Уезжал на Урал. Там – родственники, корни, ветви; биографийка путаная, в которой уже есть и Клайпеда с какой-то морской школой.
Но тогда, в 56-м много спутанного поднялось со дна – казалось бы, уже похороненного, затянутого донным песочком, пованивающей жирной, радужной пленкой поверху... Это была школа в три ступени, где просвещаемые все забыли, ничего не хотели знать, не знали никогда. Еще вчера – ни о чем таком ни в газетах, ни в ночи пьяный, нигде. А теперь об этом при свете дня сообщали газеты, радио словно сошло с ума! Впервые за годы и годы узнаваемое на улицах ошеломляло и даже пугало: оказывается, возврат из небытия возможен, и не только возможен – уже происходит, Видел в театре: изменилось освещение, возбужденно шумевшие люди вынеслись вон, резко потянуло холодной пылью и тленом, а на гигантском заднике сцены задвигались такие же огромные тени. Их выход! – они сейчас выйдут к нам, вам...
В училище волновались. Курсанты ходили косяками. В те дни набросал на нескольких листочках требования, обращенные неизвестно к кому. Это и были знаменитые в его жизни «тезисы 56 года». Вокруг них все закружилось, завихрилось тогда на несколько дней; напряжение нарастало. «Им нужен был кто-то... – бормоталось в кухне. – Надо было дать им направление...» Тезисы обманом заполучил Сологуб, преподаватель, притворявшийся либералом, заговаривавший с курсантами вольно, на темы «без берегов». Вырвал из рук, как мальчишка, убежал. Отнес добычу начальству. Потом, правда, листочки возвратили. Висело, почти зримо, томительное ожидание: что будет? на что решатся? Над Севой теперь некоторые смеялись в открытую – «Готовь сухари!.. За такие тезисы не поздоровится». Но, слава адмиралу Макарову, незримому покровителю, – все обошлось!
Упоминались в его рассказе площадь Искусств, ходившие толпами студенты... И то, как славно пошумели тогда, потолкались! Но его как-то заносило нынче, заносило в сторону – кричал о поступке своем в те дни, когда вокруг курсанты стеснились, притерли его к стенке, ждали от него каких-то слов, и спросили вдруг решительно: «Распространять ли их – тезисы?.. Если надо...» – он, страшно заколебавшись, ответил: «Не надо». И теперь отчаянно подчеркивал этот свой поступок – решение... Смотрел на меня вопросительно. Точно я мог сейчас оценить. Но суть поступка была непонятна, тезисов я не знал. И в общем не тянуло выспрашивать: что же в них было? Насколько понял: требования дня, момента, вопль о справедливости. И, вне всякого сомнения, торчали там железными чушками скулы истории...
Через много лет – совсем недавно – подошел к нему на Литейном незнакомец, говорит: «Я тут присматривался к тебе... ты – такой-то?» – «А в чем дело?» – Обрадовался, сразу, говорит, узнал! Оказалось, курса на два помладше был... Севу младшие знали. Вообще в училище. Он радостно удивлен и как-то очень молодо переживает:
– Понимаешь, они меня знали! Хоть я их, конечно, никого не запомнил. И этот мужик так и сказал: ты был известная личность...
Но все у него кончается черными корочками. И теперь он удовлетворенно зафукал, потянул тонко:
– А где мои черные корочки? Сейчас я их...

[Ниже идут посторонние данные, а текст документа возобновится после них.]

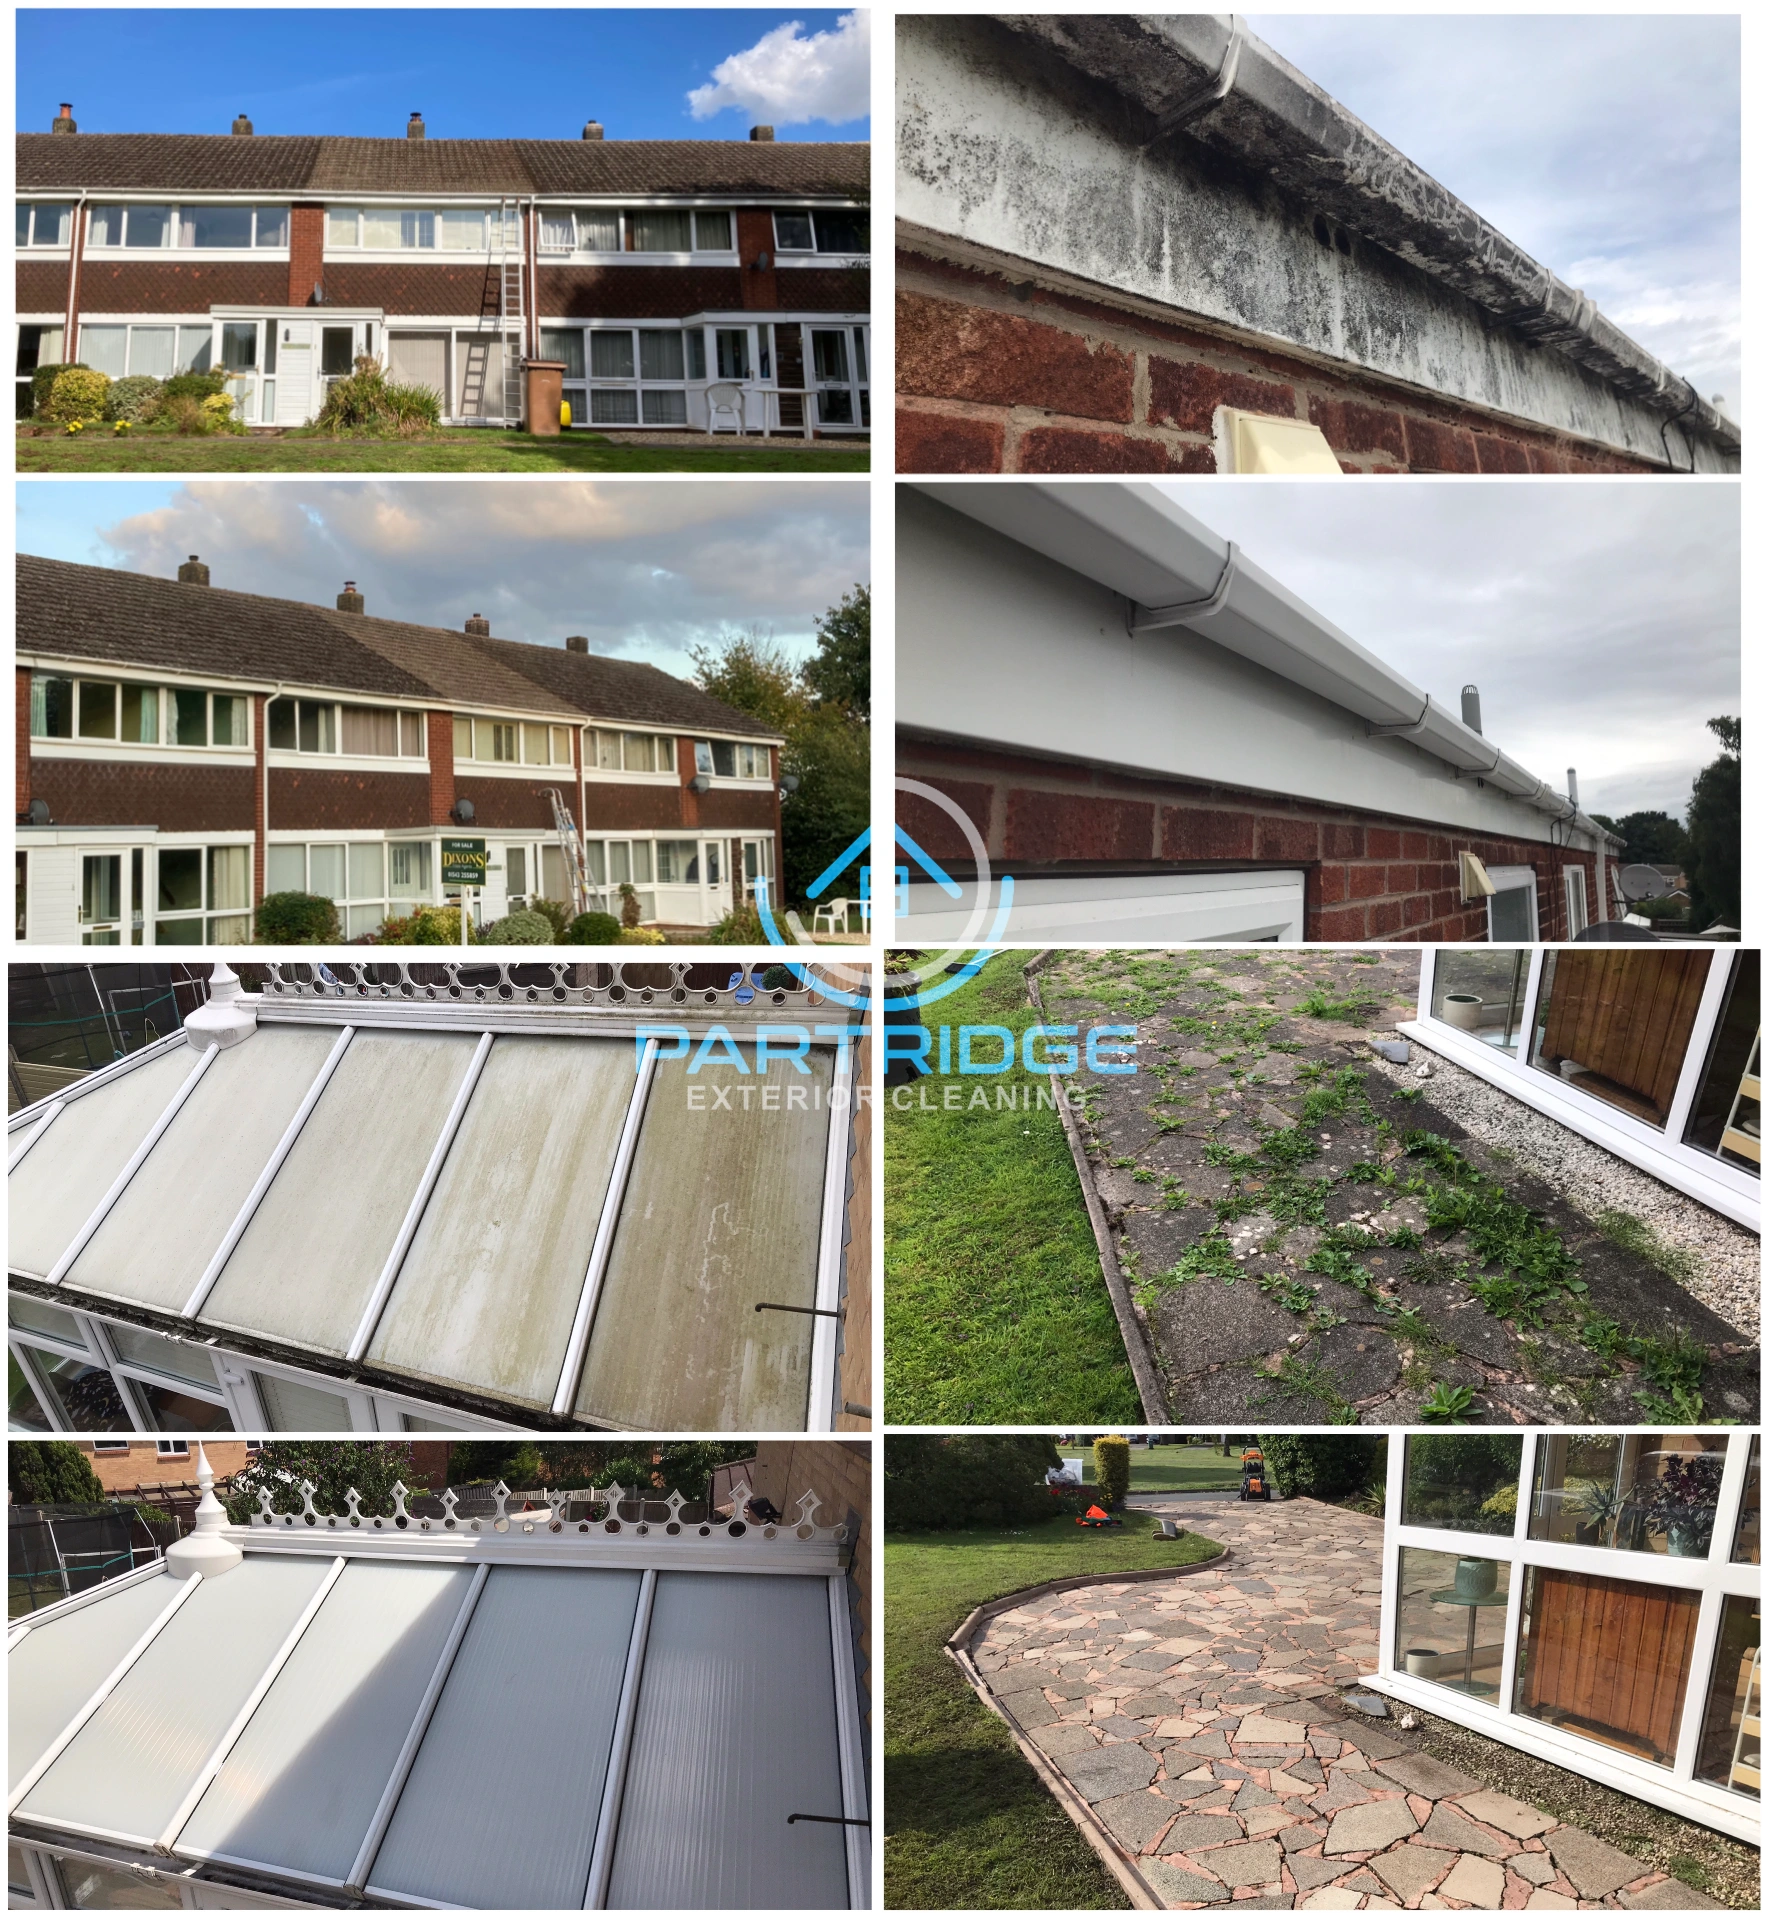 Photos show before and after of roof, gutter and driveway cleaning in the Midlands.

И наступило время Охотска, куда был распределен после окончания училища. Специалист по морским льдам, Сева был подчинен начальнику метеослужбы Охотского района. Первая должность называлась так: начальник морских экспедиционных работ... Маленький начальник, старший инженер, сам находящийся в постоянном тягостном подчинении. Что от него требовалось? Должно быть, доскональное знание и прогнозирование ледовой обстановки. «Ледовая обстановка... – говорит он, точно в бреду. – Ледовая обстановка...» Молодая жена, ленинградка, смотрела холодно или язвила. И это тоже была ледовая обстановка. «Ты зачем приехал из Ленинграда? – встретили его глумливо; отношения были гораздо жестче, грубей, чем он ожидал. – Жидок ты для этих мест!..» И вот результат: льды заползали в душу, он видел их в мутных снах, от них не могло быть спасения. Чем-то он мешал одному человеку. Этим человеком был его начальник Шиханец. Демонстрировал беспричинную неприязнь, как поначалу считал Сева, мог прилюдно унизить, а на самом деле, как понятно стало позже, имел гнусный умысел: сломать. Худо еще было то, что круг людей ограничен, знали друг о друге все... Шиханец, негодяй, экспериментировал: мог матерно обругать при нем подчиненных женщин. И смотрел, как ленинградец себя поведет. Смотрел с наслаждением, с извращенным интересом; корчи Севы его вдохновляли. В конце концов, когда местная пресса в лице редактора выступила с замечаниями о развязавшемся языке Шиханца, отправил того же Севу к редактору с опровержением. И злобно требовал: опровержение должно появиться, должен объясниться, доказать... Самое ужасное, говорит теперь он, ходил в редакцию и объяснялся.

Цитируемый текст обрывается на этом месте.